Using the definition of a derivative every time we wish to differentiate a function becomes tedious after a while. It is therefore desirable to derive a series of rules which allows us to differentiate a variety of functions without having to refer to the above definition.

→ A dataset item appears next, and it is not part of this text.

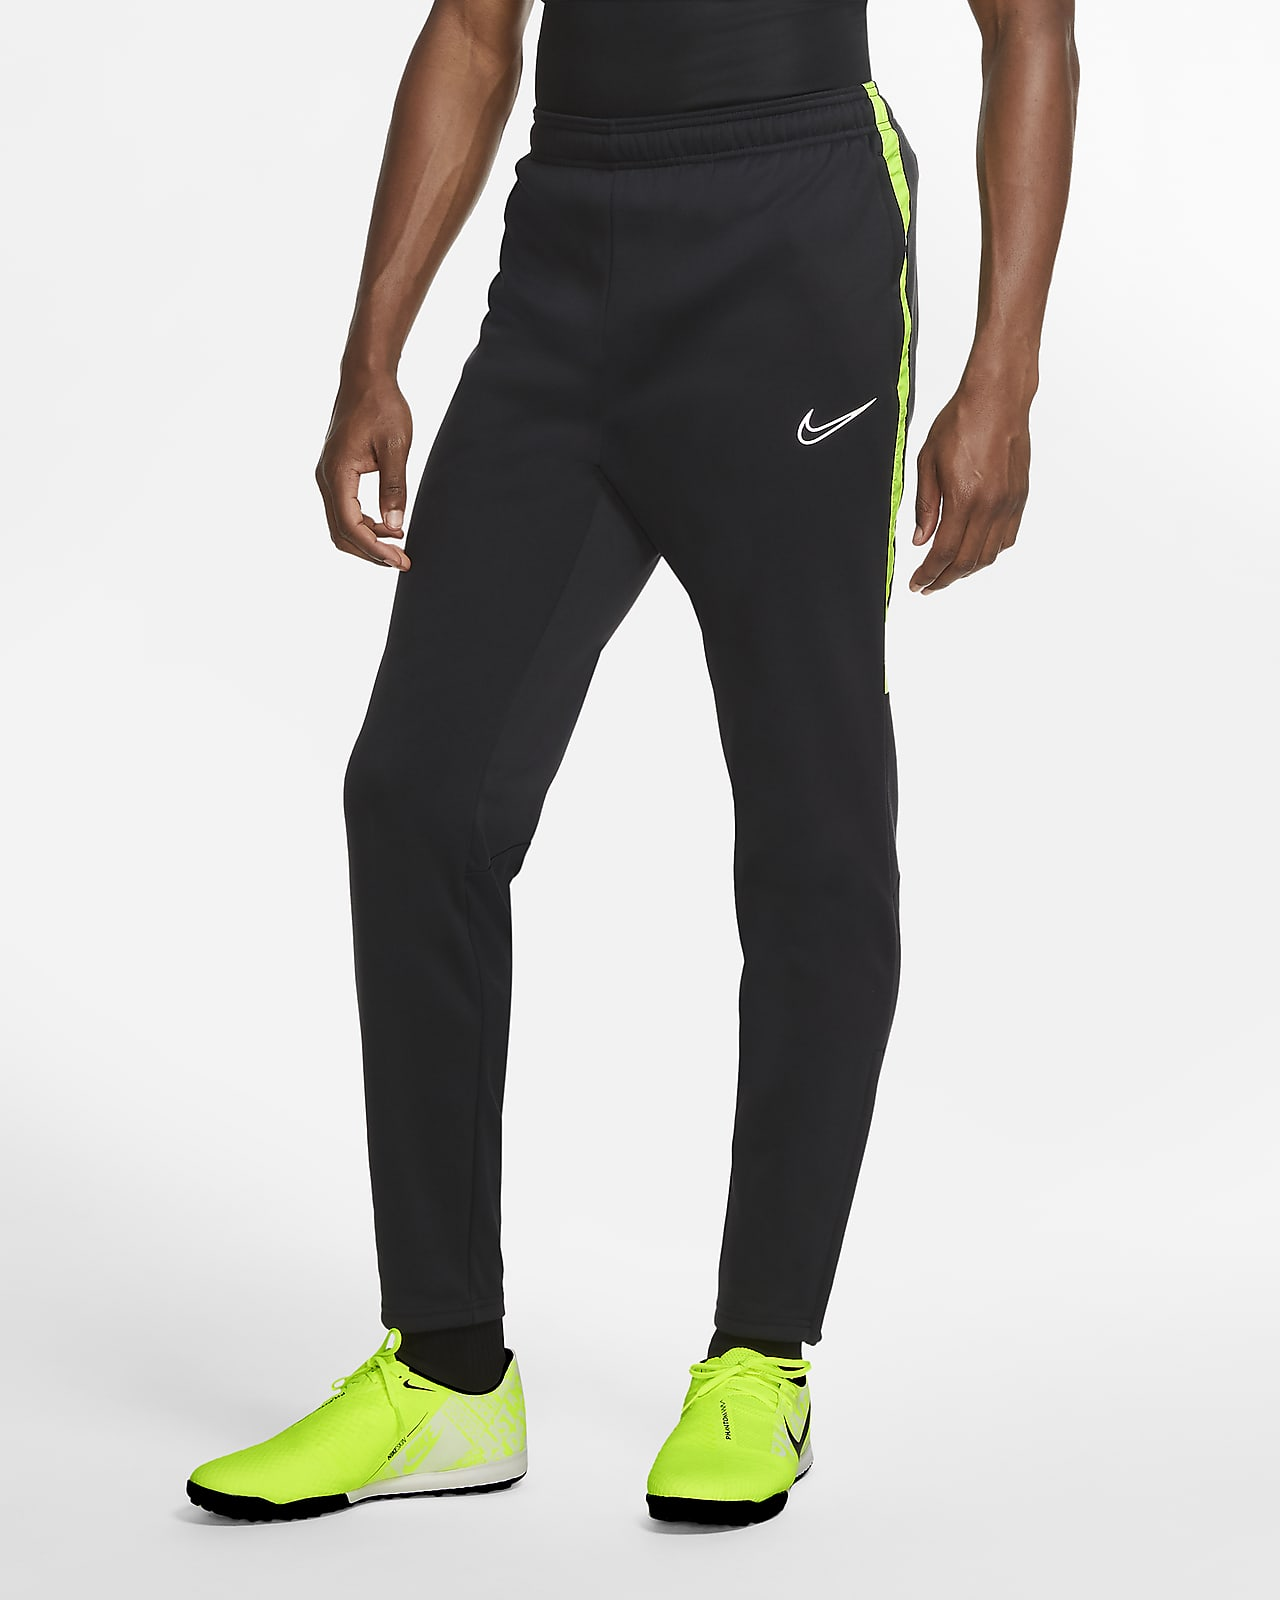 Pantalon de football Nike Therma Academy Winter Warrior pour Homme

1. Derivative of a Constant Function
If $f$ has a constant value $f(x)=c$, then;

$$f'(x)=\lim_{h\to0}\frac{f(x+h)-f(x)}{h}=\lim_{h\to0}\frac{c-c}{h}=0$$

$$\therefore {\color{red}\boxed{{\color{black}\frac{d}{dx}\;(c) = 0}}}$$

2. Power Rule for Positive Integers
If $f(x)=x^{n}$ and $n\in\mathbb{Z},\;n>0$ then;

$$f'(x)=\lim_{h\to0}\frac{f(x+h)-f(x)}{h}=\lim_{h\to0}\frac{(x+h)^{n}-x^{n}}{h}$$
Since n is a positive integer we can use the binomial theorem to expand the parentheses;

$$=\lim_{h\to0}\frac{\left\{\not{x^n} + nx^{-1}\cdot h + \frac{n(n-1)}{2!}\cdot x^{n-2}h^{2} + \ldots + nxh^{n-1}+h^{n}\right\}-\not{x^{n}}}{h}$$

$$=\lim_{h\to0}\frac{nx^{-1}\cdot h + \frac{n(n-1)}{2!}\cdot x^{n-2}h^{2} + \ldots + nxh^{n-1}+h^{n}}{h}$$

One h from each term in the numerator will cancel with the h is the denominator leaving;

$$=\lim_{h\to0}\; nx^{-1} + \frac{n(n-1)}{2!}\cdot x^{n-2}h + \ldots + nxh^{n-2}+h^{n-1}$$

As $h\to0$ all terms except the first drop out leaving;

$$f'(x)=nx^{n-1}$$

$$\therefore {\color{red}\boxed{{\color{black}\frac{d}{dx}\;n^{n} = nx^{n-1}\;\;\; n\in\mathbb{Z},\;n>0}}}$$

Note that this can be shown to be true for all integers (which will be done later).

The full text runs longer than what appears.